Berekeningsmethode en uiteindelijke geldboete

146.
    De Commissie heeft in de beschikking in het geval van verzoeksters twee verzachtende omstandigheden in aanmerking genomen, namelijk de passieve rol die Sewon in 1995 met betrekking tot de verkoopquota heeft gespeeld - wat heeft geleid tot een vermindering met 20 % van de verhoging die op basis van de duur van de inbreuk voor deze onderneming was toegepast (punt 365) -, en het feit dat zij de inbreuk bij het eerste overheidsoptreden had beëindigd (punt 384), op grond waarvan het resultaat van bovenbedoelde eerste vermindering met nog eens 10 % werd verminderd.

147.
    In beide gevallen heeft de Commissie, anders dan bij Cheil, de vermindering wegens verzachtende omstandigheden niet toegepast op het basisbedrag van de geldboete, dat was bepaald op grond van de zwaarte en de duur van de inbreuk.

148.
    Op 7 februari 2002 heeft het Gerecht de Commissie schriftelijk verzocht om met name haar methode voor de berekening van de geldboeten nader toe te lichten en te rechtvaardigen.

149.
    In haar antwoord van 27 februari 2002 heeft de Commissie verklaard, dat de juiste methode om verhogingen en verminderingen te berekenen om rekening te houden met verzwarende en verzachtende omstandigheden, is om een percentage toe te passen op het basisbedrag van de geldboete. Zij heeft ook erkend dat zij in haar beschikking deze berekeningsmethode niet stelselmatig heeft toegepast, meer bepaald niet in het geval van Ajinomoto en ADM.

150.
    Ter terechtzitting hebben verzoeksters verklaard geen kritiek te hebben op de door de Commissie voorgestelde methode voor de berekening van geldboeten.

151.
    Volgens de richtsnoeren wordt het basisbedrag van de geldboete nadat dit door de Commissie op basis van de zwaarte en de duur van de inbreuk is vastgesteld, verhoogd en/of verminderd wegens verzwarende of verzachtende omstandigheden.

152.
    Gelet op de formulering van de richtsnoeren is het Gerecht van oordeel, dat de procentuele verhogingen of verminderingen wegens verzwarende of verzachtende omstandigheden moeten worden toegepast op het basisbedrag van de geldboete dat is vastgesteld op basis van de zwaarte en de duur van de inbreuk, en niet op het bedrag van een verhoging die reeds op basis van de duur van de inbreuk is toegepast, of op de uitkomst van een eerste verhoging of vermindering wegens een verzwarende of verzachtende omstandigheid.
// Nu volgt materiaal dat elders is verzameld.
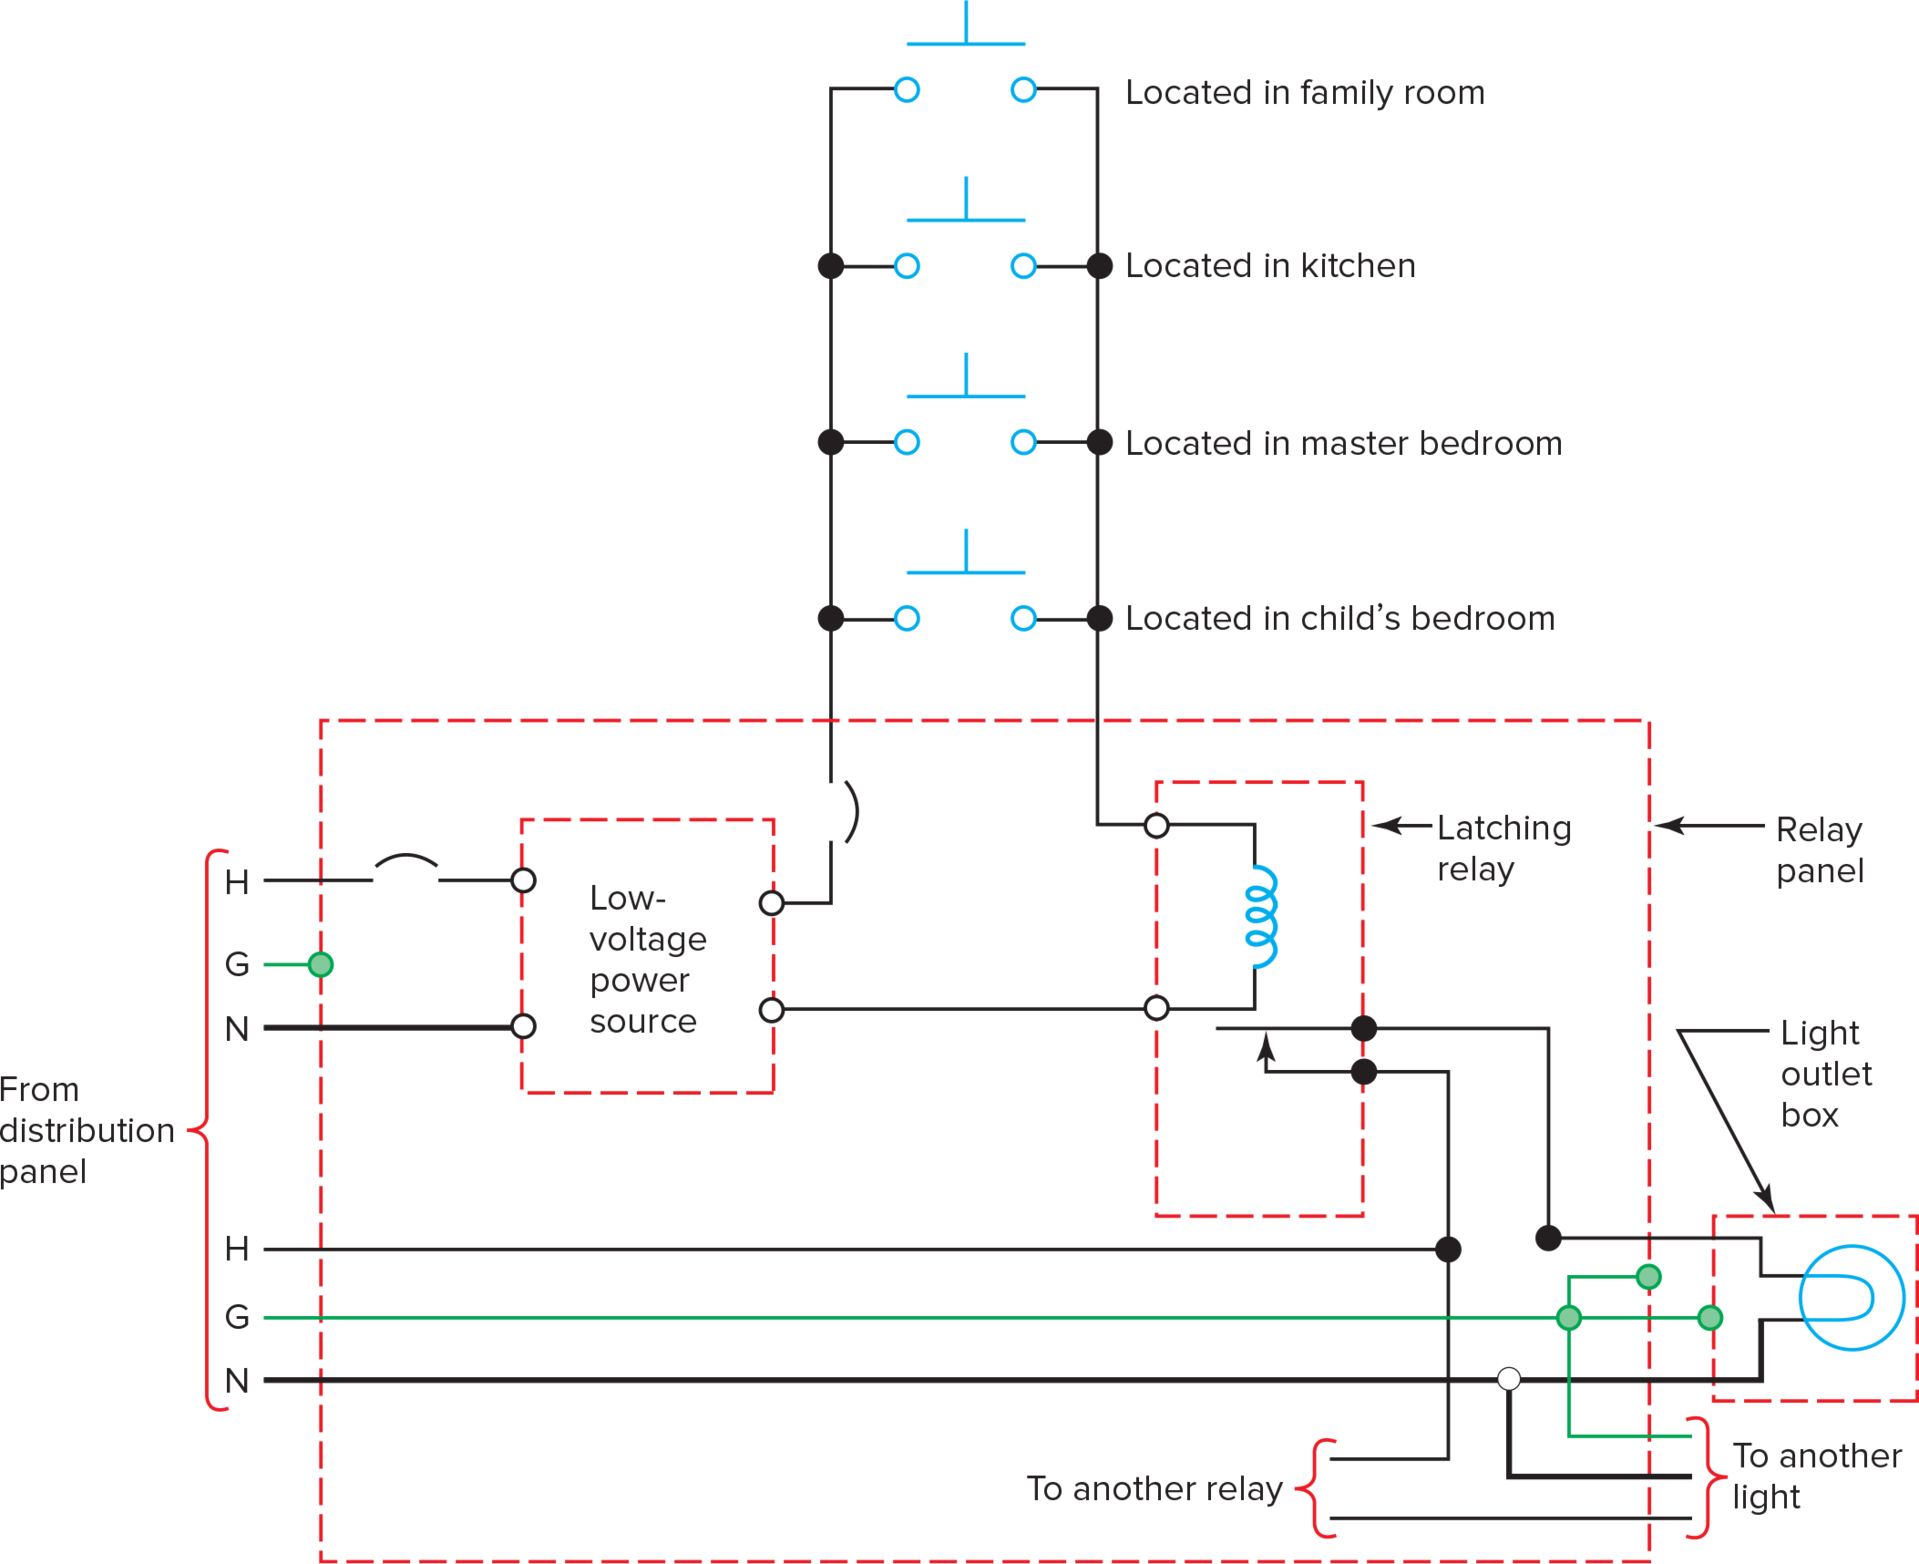 Multipoint control of a low-voltage controlled lamp.

Zoals de Commissie in haar antwoord op de schriftelijke vraag van het Gerecht terecht heeft opgemerkt, vloeit de hierboven beschreven methode voor de berekening van de geldboeten voort uit de formulering van de richtsnoeren, en kan zij een gelijke behandeling verzekeren van verschillende ondernemingen die aan hetzelfde kartel hebben deelgenomen.

153.
    Bij het onderzoek van het gedrag van Sewon met betrekking tot de verkoophoeveelheden heeft het Gerecht geoordeeld (punt 111 hierboven), dat zij zich in werkelijkheid van januari tot en met juni 1995 aan de toepassing van deze overeenkomsten heeft onttrokken. Na te hebben vastgesteld dat de vermindering die de Commissie heeft toegekend omdat Sewon een passieve rol heeft gespeeld met betrekking tot de verkoophoeveelheden, en de door verzoeksters gevorderde vermindering wegens de niet-uitvoering van de overeenkomsten, op dezelfde feiten berustten, heeft het Gerecht de vermindering van 20 % van de verhoging die op basis van de duur van de inbreuk was toegepast, volstrekt redelijk geacht (punt 113 hierboven). Deze laatste vermindering komt neer op een vermindering van het basisbedrag van de geldboete (21 miljoen euro) met 5,71 %.

154.
    Verder vormt de vermindering van 10 % die de Commissie op het resultaat van de wegens de passieve rol van Sewon toegekende eerste vermindering, dat wil zeggen op een bedrag van 19,8 miljoen euro, heeft toegepast omdat de inbreuk reeds bij het eerste overheidsoptreden was beëindigd, ongeveer 9,43 % van het basisbedrag, hetgeen qua omvang volstrekt redelijk is.

155.
    In het kader van zijn volledige rechtsmacht is het Gerecht dan ook van oordeel, dat bij de vermindering van 5,71 % de zojuist genoemde vermindering van 9,43 dient te worden opgeteld, zodat op het basisbedrag van de geldboete een totale vermindering van 15,14 % wegens verzachtende omstandigheden moet worden toegepast, zodat het bedrag van de geldboete vóór toepassing van de mededeling inzake medewerking 17 820 600 euro bedraagt.

156.
    Om de hierboven genoemde redenen dient aan verzoeksters op grond van punt C van de mededeling inzake medewerking een vermindering van 60 % op een bedrag van 17 820 600 euro te worden toegekend, hetgeen neerkomt op een vermindering van 10 692 360 euro. Bijgevolg moet de uiteindelijke geldboete van verzoeksters worden bepaald op 7 128 240 euro.

Kosten

157.
    Ingevolge artikel 87, lid 3, van het Reglement voor de procesvoering kan het Gerecht de proceskosten over de partijen verdelen of beslissen dat elke partij haar eigen kosten zal dragen, indien zij onderscheidenlijk op een of meer punten in het ongelijk worden gesteld. In het onderhavige geval dienen verzoeksters in hun eigen kosten en hoofdelijk in twee derde van de kosten van de Commissie te worden verwezen.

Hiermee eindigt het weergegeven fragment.